The Silhouette Coefficient, which considers the largest coefficient and the value of K, is another way to validate the value. You can also use other metrics like ANOVA, SC Test, or Dendrograms.
Role in Seed
The algorithm’s goal is not to reduce errors (as we are working in an unsupervised environment) but to minimize the total distance from each centroid to all data points. This algorithm is concerned with intercluster distance. We don’t care much about distances between clusters. The problem with this clustering approach is that we select the centroids randomly. No matter what random centroids we use, we will all converge. However, we converge to a locally optimal, which means we can have different results if we start from different centroids. In the context of coding, this is the way we start the random selection process. This is done by giving a random seed. When we change the seed, the value of k from an elbow analysis can differ. This indicates that the initial random centroids influence the convergence. Manually, you can run the k = clustering for n number k times for m numbers of times each time with different random seeds. After that, average the results of your elbow analysis to get the right number.

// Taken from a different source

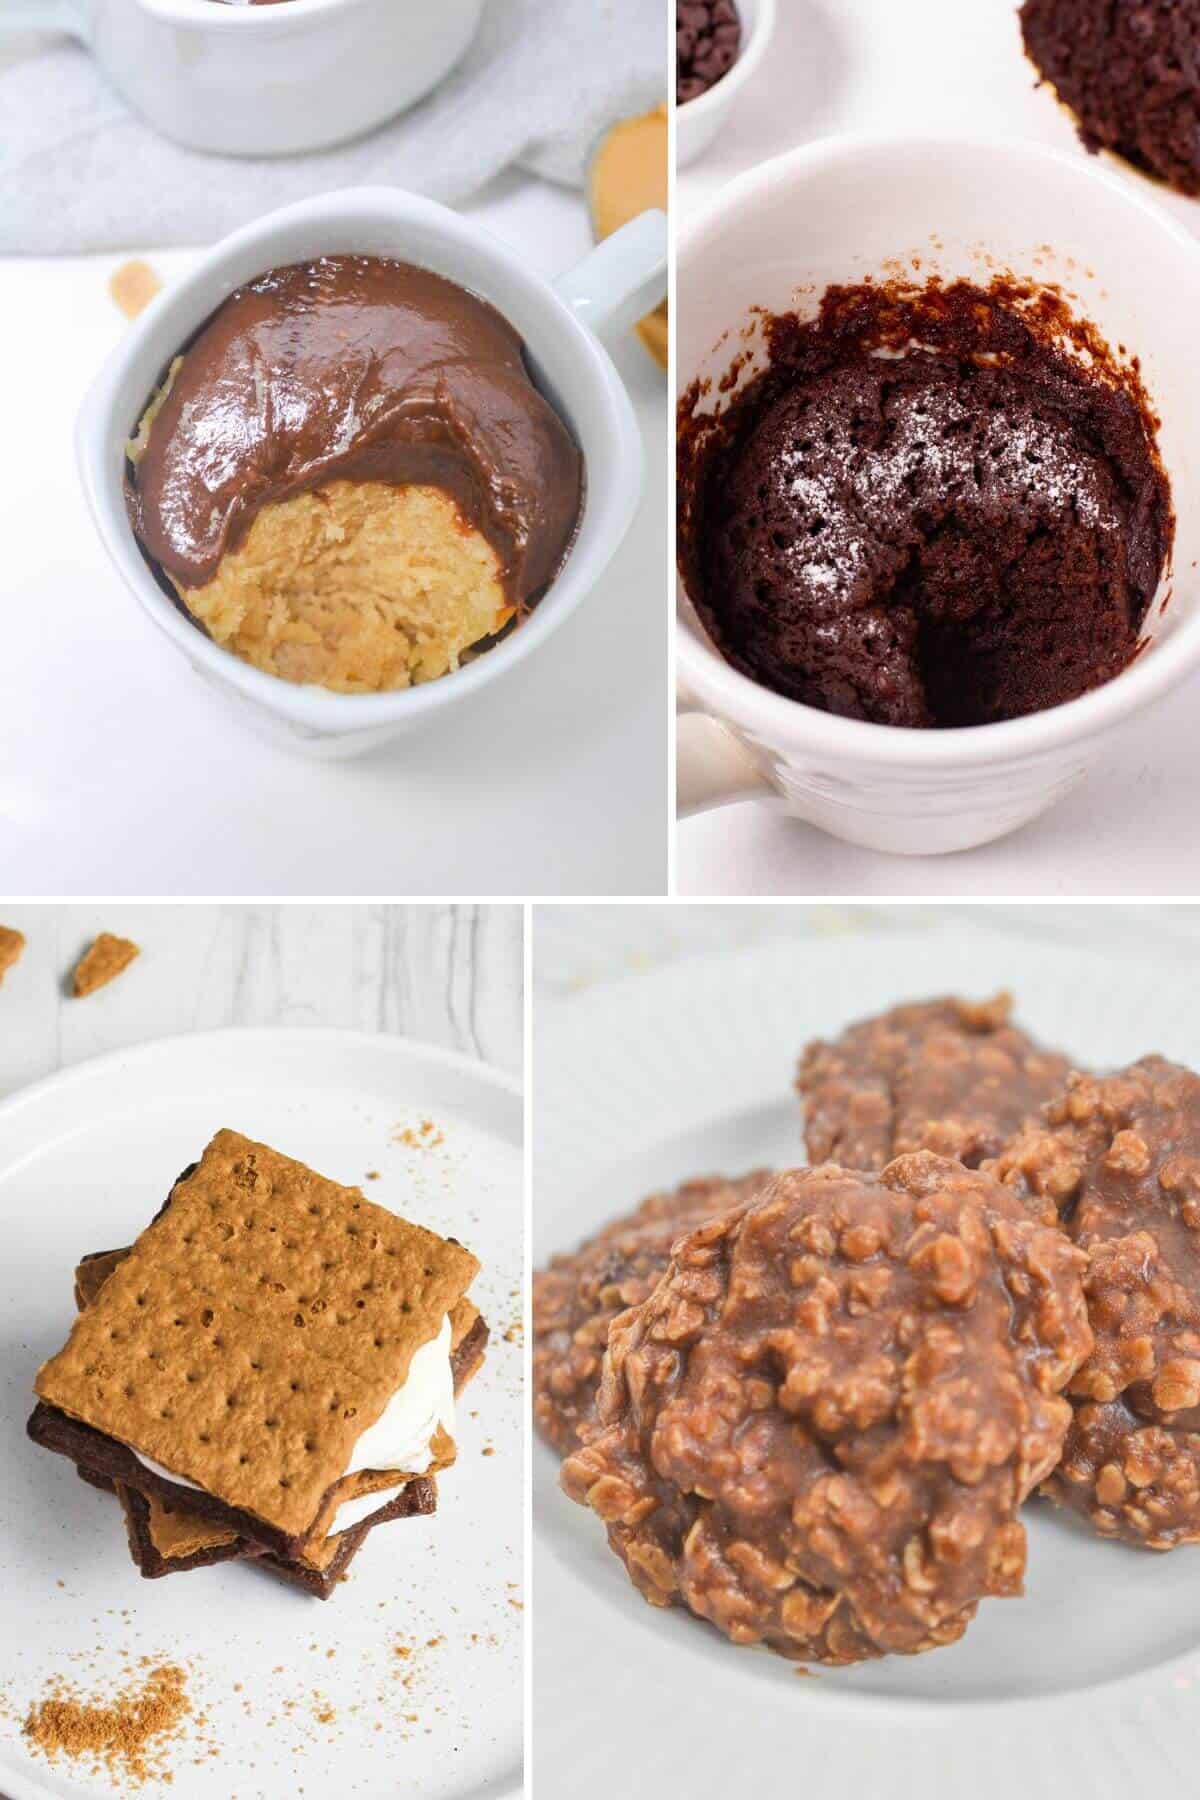 Collage of chocolate recipes.

Preprocessing is Required for K-means Clustering
Outlier Treatment
Outlier Therapy, like all distance-based techniques, must be performed on data before it is used for k–means clustering. You can read about the various outlier treatment options in the blog: Outlier Treat and Anomaly detection.
Missing value
The missing values treatment blog has many ways to handle missing values.
Rescaling Information
Feature Scaling mentioned that the distance-based algorithm should be rescaled to make sense of the algorithm.
Enoding
Additionally, features must be numerical. One hot-encoding/dummy variable generation will be necessary if data contains categorical variables. This was discussed in the blog.
Dimensionality Reduction
There are many Dimensionality Reduce techniques, such as a PCA, that can reduce the number of features that are not needed and can make K-means’ output less meaningful.